---
title: "sparsedrive"
publisher: "nvidia"
type: "endpoint"
updated: "2025-07-20T16:35:32.947Z"
description: "End-to-end autonomous driving stack integrating perception, prediction, and planning with sparse scene representations for efficiency and safety."
canonical: "https://build.nvidia.com/nvidia/sparsedrive"
---

## SparseDrive Model Overview

## Description   
SparseDrive is an end-to-end autonomous driving model that performs motion prediction and planning simultaneously, outputting a safe planning trajectory. It first encodes multi-view images into feature maps, then learns sparse scene representation through symmetric sparse perception, and finally performs motion prediction and planning in a parallel manner. 

This NIM previews an end-to-end example of deploying [SparseDrive](https://github.com/swc-17/SparseDrive) based on the [paper](https://arxiv.org/abs/2405.19620) with explicit quantization with [NVIDIA's ModelOpt Toolkit](https://github.com/NVIDIA/TensorRT-Model-Optimizer). 

This model is ready for commercial/non-commercial use.

## Third-Party Community Consideration  
This model is not owned or developed by NVIDIA. It has been developed and built to a third-party’s requirements for this application and use case; see link to [SparseDrive](https://github.com/swc-17/SparseDrive). 

## License  
**GOVERNING TERMS:** The trial service is governed by the [NVIDIA API Trial Terms of Service](https://assets.ngc.nvidia.com/products/api-catalog/legal/NVIDIA%20API%20Trial%20Terms%20of%20Service.pdf).
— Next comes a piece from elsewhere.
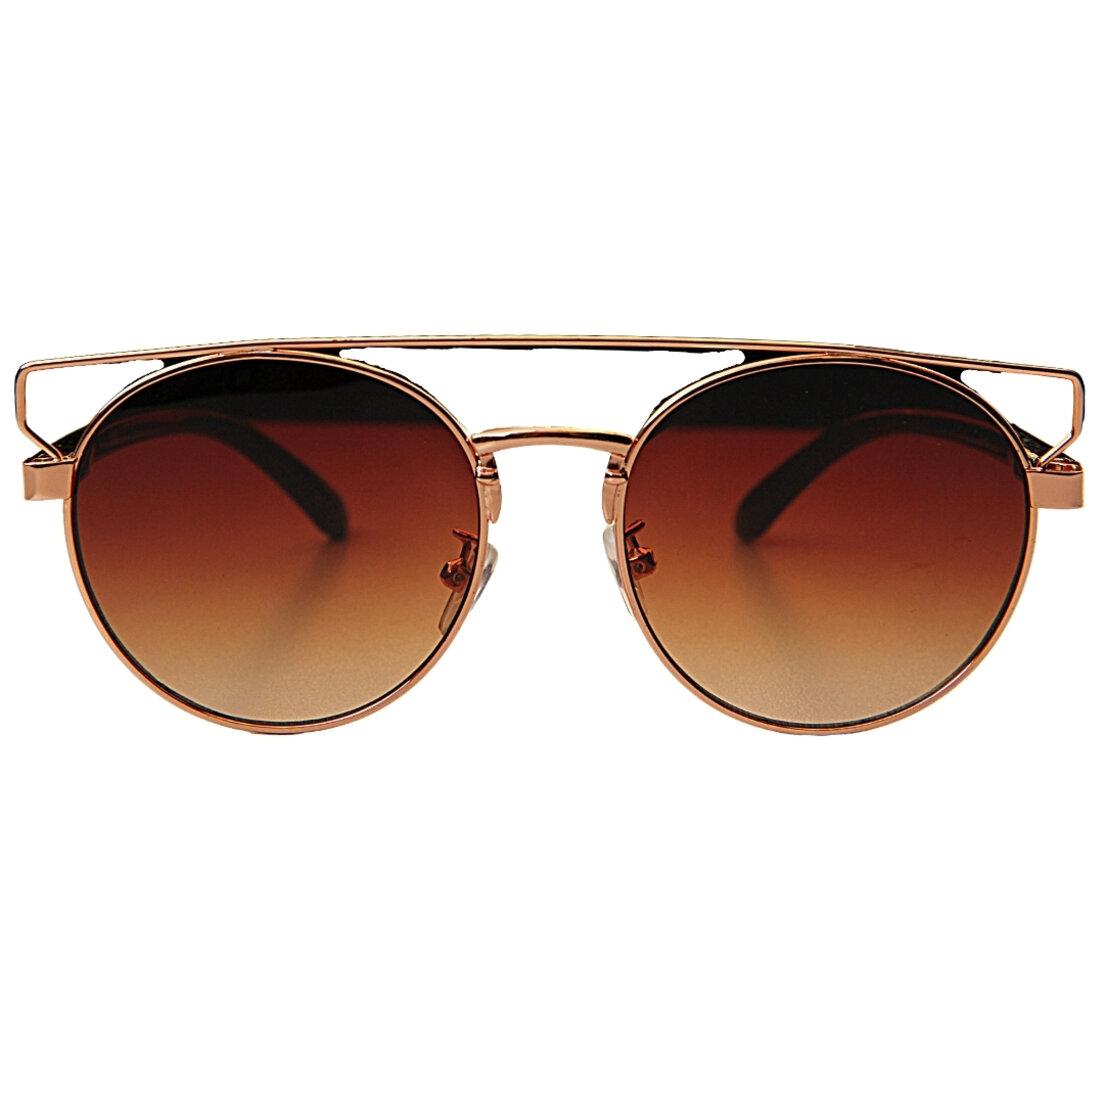 Óculos de Sol Khatto Cat Round - C060 - excluir (inativo em  todas as plataformas 22-06-2021)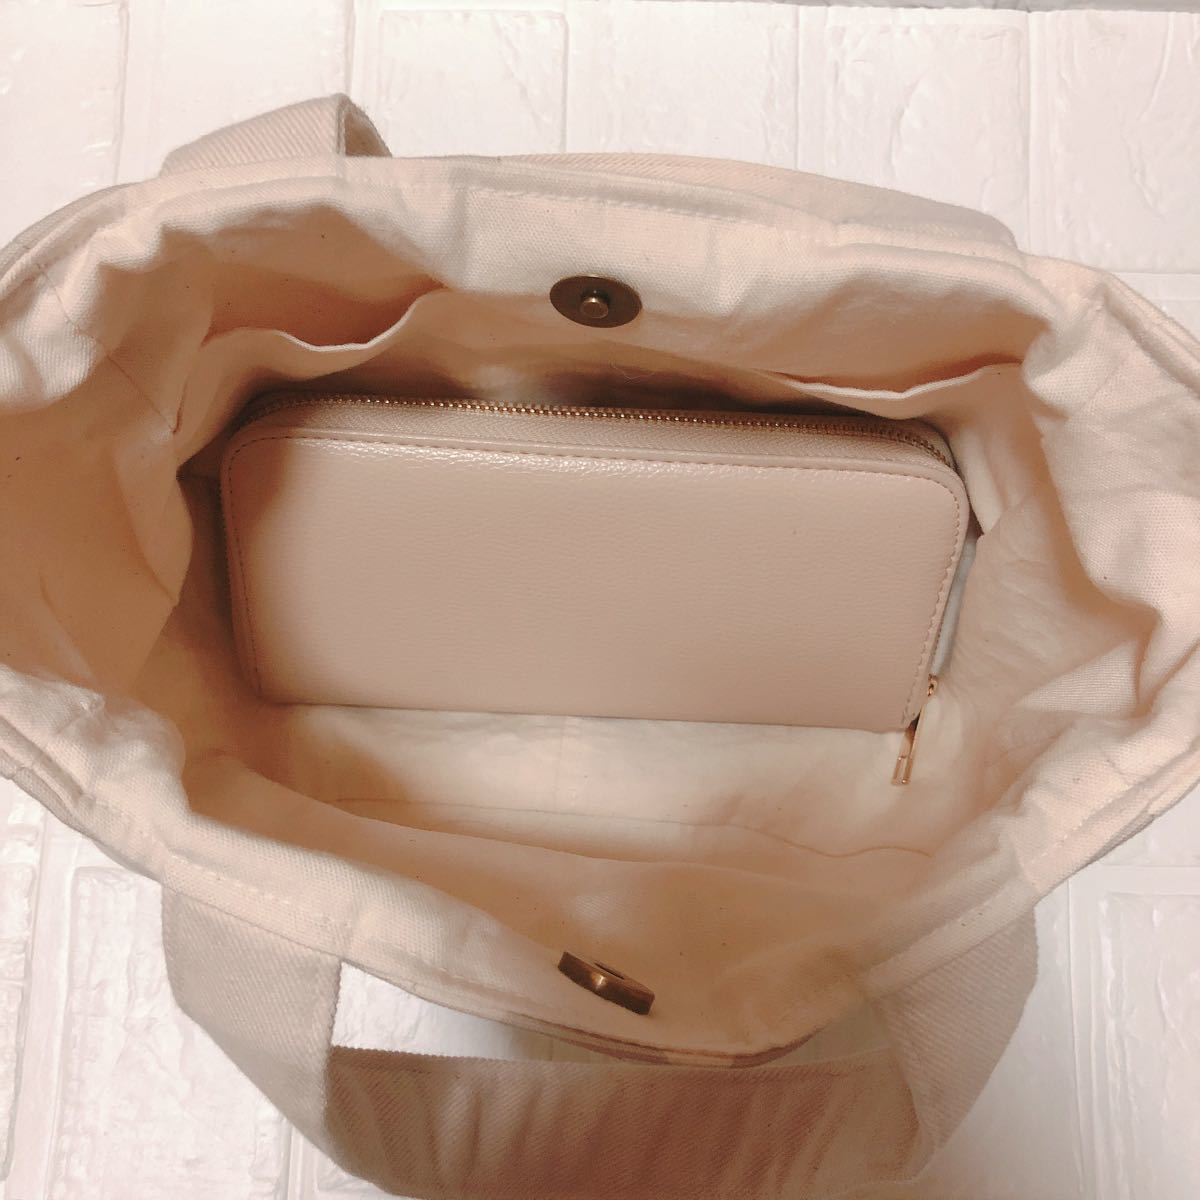 ハンドメイド 丸底トートバッグ フラワー

Use of this model is governed by the [NVIDIA Community Model License](https://www.nvidia.com/en-us/agreements/enterprise-software/nvidia-community-models-license/). ADDITIONAL INFORMATION: [MIT License](https://github.com/swc-17/SparseDrive/blob/main/LICENSE).

## Deployment Geography:
Global

## Use Case   
Researchers and developers in the field of autonomous driving and motion forecasting, specifically those working with 3D object detection and tracking, would be expected to use this system for tasks such as object detection, tracking, motion prediction, and planning.

## Release Date   
03/18/2025 via [https://build.nvidia.com/nvidia/sparsedrive](https://build.nvidia.com/nvidia/sparsedrive)

## Model Architecture

* **Architecture Type:**  CNN backbone \+ Multiple Transformers  
* **Network Architecture:**  SparseDrive uses a Resnet50 backbone for image feature extraction.  The multi-head transformer-based architecture consists of:   
* Sparse Perception Transformers: Symmetric Object Detection and Tracking and Online Mapping submodules  
* Motion Planning Transformer: Parallel Motion Planner for multi-modal trajectory planning and selection

## Input/Output Specifications
### Input
* **Input Type(s):** Multi-view camera images, cameras’ intrinsics and extrinsics, Ego vehicle state  
* **Input Format(s):** Python Dictionary/JSON  
* **Input Parameters:** 6x stacked 2D RGB images, 6x 2D camera projection (4x4) matrix, 6x 2D camera extrinsics (4x4) matrix, 1D (length 12\) ego vehicle state vector  
* **Other Properties Related to Input:**   
* Model performs best given a sequence of images from the same “scene”, e.g. a 20 second scene from NuScenes dataset  
* Image Resolution: 256 x 704 (HxW)  
* Pre-Processing Requirements:  None  
* Sensor Calibration Data: Camera Intrinsics, Camera Extrinsics  
* Ego Motion Data: Position, Orientation, Velocity

### Output  
* **Output Type(s):** Ordered arrays of labeled bounding boxes and trajectory predictions  
* **Output Format:** Python Dictionary/JSON  
* **Output Parameters:**   
* Array of detected 3D object labels (NuScenes dynamic object classes)  
* Array of 3D Bounding Boxes per 3D object instance (each a vector of length 7: translation, size, yaw angle)  
* Array of 2D Predicted Trajectories per 3D object instance   
* Array of Predicted 2D map elements and labels (NuScenes static object classes, road boundaries)  
* Predicted planned 2D trajectory for ego vehicle  
* **Other Properties Related to Output:**  
* Confidence Score: Each detected object and trajectory prediction includes confidence level  
* Motion prediction for next 6 sec of scene @2Hz  

## Software Integration

* Runtime Engine(s): TensorRT  
* Supported Hardware Compatibility:   
* NVIDIA Ampere   
* NVIDIA Ada Lovelace  
* Operating System(s):   
* Docker OS: 24.04.1 LTS (Noble Numbat)

## Model Version(s)
- **Model Name:** sparsedrive\_trt\_model\_fp16  
- **Tag/Version**: 0.1.1

## Training, Testing, and Evaluation Datasets  
### Overview
[nuScenes](https://www.nuscenes.org/nuscenes) dataset was used for training, testing and evaluation (see details below).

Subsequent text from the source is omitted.